Whether tags are smoothed in the underlying model is determined by the flag in the constructor. See CharLmHmmChunker's class documentation for more information on the effects of smoothing.

Parameters:
tokenizerFactory - Tokenizer factory for boundaries.
numChunkingsRescored - Number of underlying chunkings rescored.
nGram - N-gram length for all models.
numChars - Number of characters in the training and run-time character sets.
interpolationRatio - Underlying language-model interpolation ratios.
smoothTags - Set to true to smooth tags in underlying chunker.
Method Detail

handle

public void handle(Chunking chunking)
Trains this chunker with the specified chunking.

Specified by:
handle in interface ObjectHandler<Chunking>
Parameters:
chunking - Training data.

compileTo

public void compileTo(ObjectOutput objOut)
               throws IOException
Compiles this model to the specified object output stream. The model may then be read back in using ObjectInput.readObject(); the resulting object will be an instance of AbstractCharLmRescoringChunker.

Specified by:
compileTo in interface Compilable
Parameters:
objOut - Object output to which this object is compiled.
Throws:
IOException - If there is an I/O error during the write.
IllegalArgumentException - If the tokenizer factory supplied to the constructor of this class is not compilable.

handle

@Deprecated
public void handle(String[] toks,
                              String[] whitespaces,
                              String[] tags)
Deprecated. Use handle(Chunking) instead.

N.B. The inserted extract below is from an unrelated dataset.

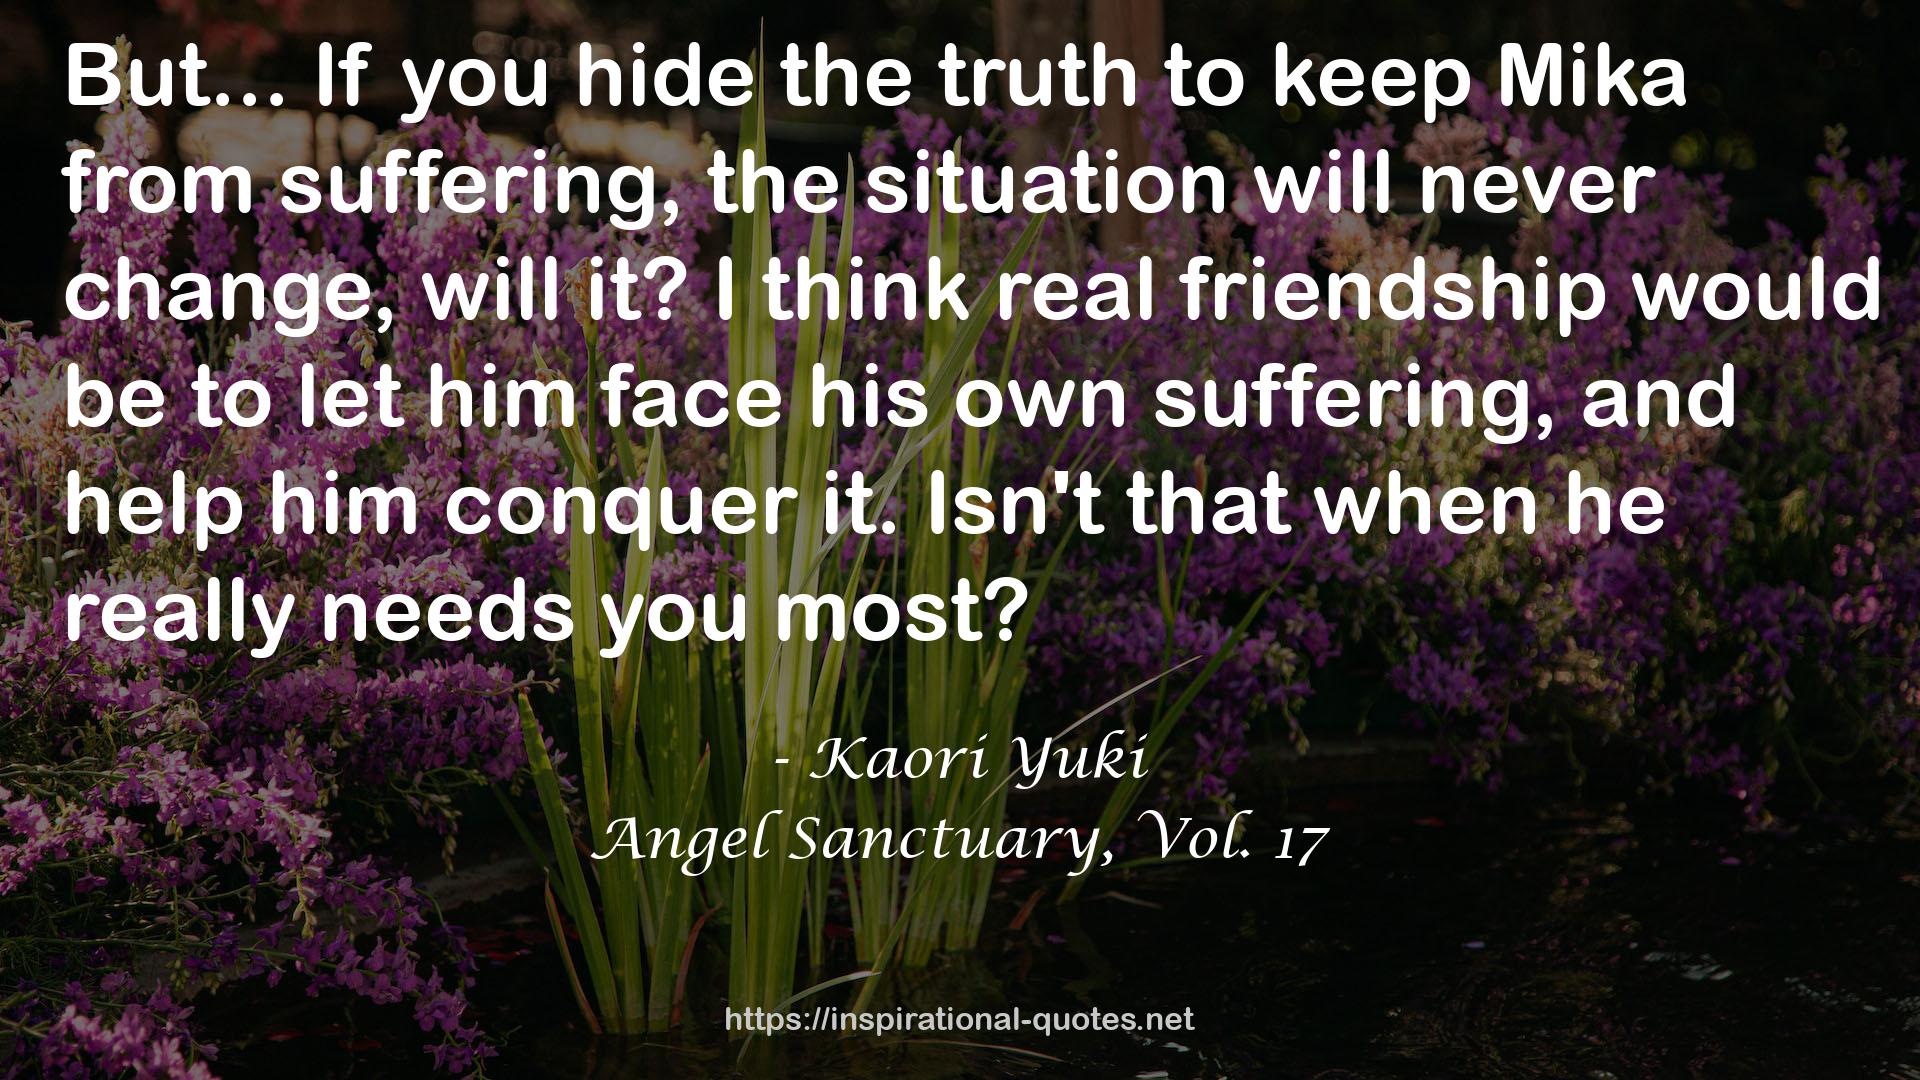 Angel Sanctuary, Vol. 17 QUOTES

Trains this chunker with the specified BIO-encoded chunk tagging. For information on the external BIO format, as well as the internal tagging format, see HmmChunker.

Specified by:
handle in interface TagHandler
Parameters:
toks - Tokens of training data.
whitespaces - Whitespaces in training data.
tags - Tags for training data.

trainDictionary

public void trainDictionary(CharSequence cSeq,
                            String type)
Provides the specified character sequence data as training data for the language model of the specfied type. This method calls the method of the same signature on the trainable base chunker. The language model for the specified type will be created if it has not been seen previously.

Warning: It is not sufficient to only train a model using this method. Annotated data with a representative balance of entities and non-entity text is required to train the overall likelihood of entities and the contexts in which they occur. Use of this method will not bias the likelihoods of entities occurring. But, it might cause the common entities in the training data to be overwhelmed if a large dictionary is used. One possibility is to train the basic data multiple times relative to the dictionary (or vice-versa).

Parameters:
cSeq - Character sequence for training.
type - Type of character sequence.

trainOut

public void trainOut(CharSequence cSeq)
Trains the language model for non-entities using the specified character sequence.

Warning: Training using this method biases the likelihood of entities downward, because it does not train the likelihood of a non-entity character sequence ending and being followed by an entity of a specified type. Thus this method is best used to seed a dictionary of common words that are relatively few in number relative to the entity-annotated training data.

Parameters:
cSeq - Data to train the non-entity (out) model.